In mathematics, sometimes expressions can be simplified, or more easily understood, by substituting a part of them with a new variable. This process is known as "variable substitution". It involves choosing a complex part of an equation and replacing it with a simpler symbol to make calculations easier.

The original problem presented is an equation involving powers of a variable, specifically terms like \( x^{-2} \) and \( x^{-1} \). To solve the equation, we can substitute \( x^{-1} \) with the simpler variable \( y \). Thus, \( x^{-2} \) becomes \( y^2 \). Now, we transform the original equation into \( y^2 - y - 12 = 0 \), simplifying our work considerably.

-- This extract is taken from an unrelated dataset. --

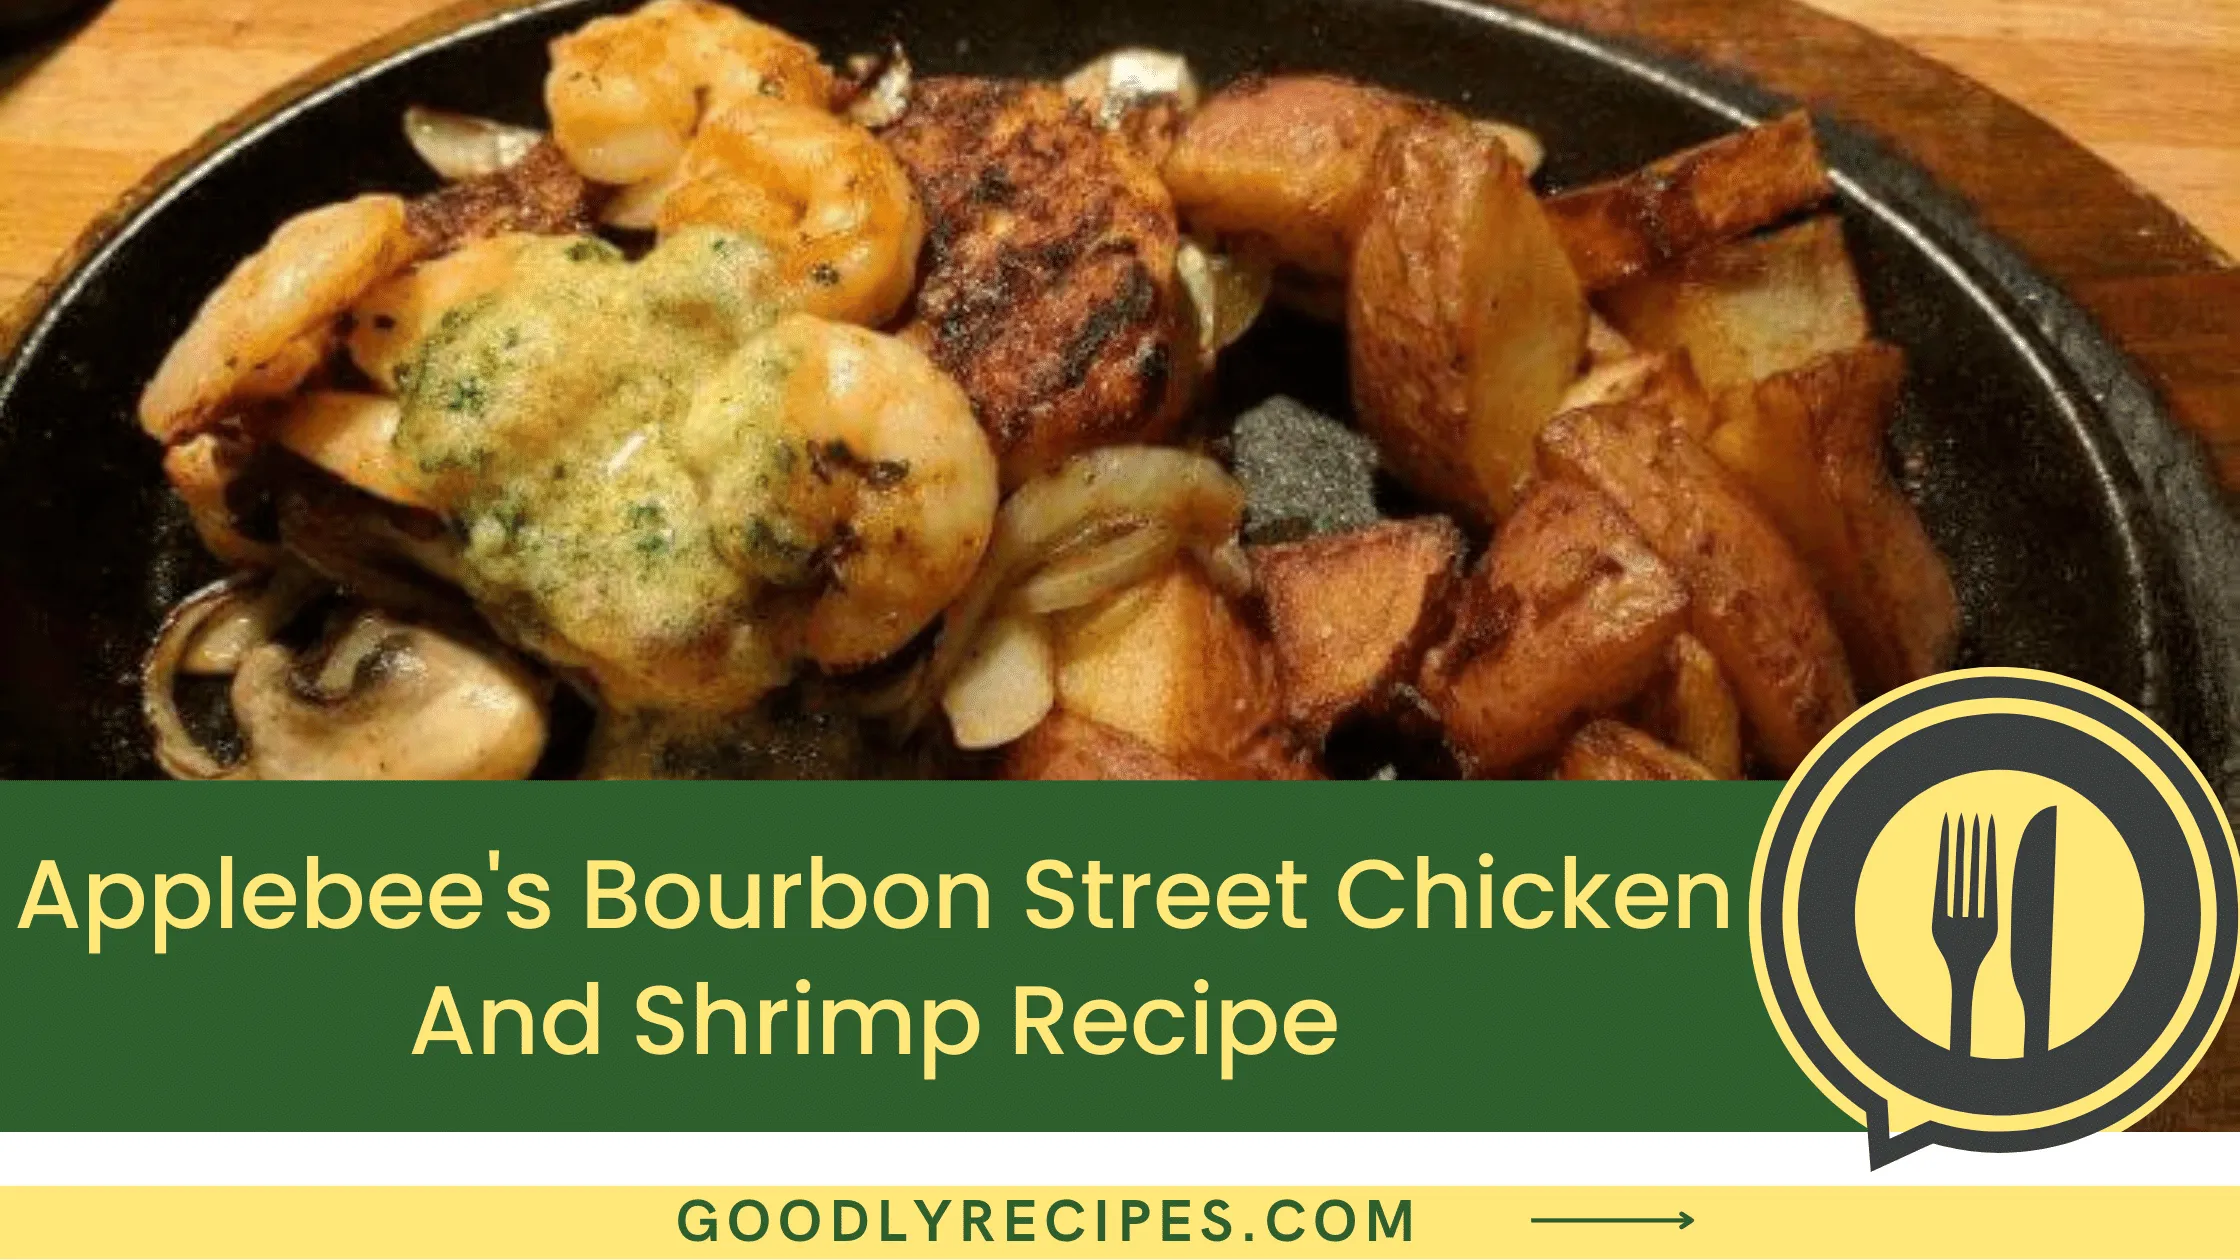 Applebee’s Bourbon Street Chicken And Shrimp Recipe

This substitution converts the given equation into a quadratic form, which can be solved using familiar methods. Essentially, by replacing complex parts with simpler variables, calculations become less daunting, and understanding the problem can be straightforward.The key reasons for variable substitution include:

• Simplifying complex expressions.
• Making equations more familiar and easier to solve.
• Reducing calculation errors.

Once we have rewritten a complex equation as a standard quadratic equation, the next step is often to solve it by factoring. A quadratic equation of the form \( ax^2 + bx + c = 0 \) can sometimes be expressed as the product of two simpler expressions. Factoring involves finding these expressions that multiply to give the original quadratic.

In the given exercise, after substitution, we derived \( y^2 - y - 12 = 0 \). The goal is to express this in the form \((y - p)(y + q) = 0\), where \( p \) and \( q \) are numbers whose product equals \(-12\) and whose sum equals \(-1\) (the coefficient of \( y \)).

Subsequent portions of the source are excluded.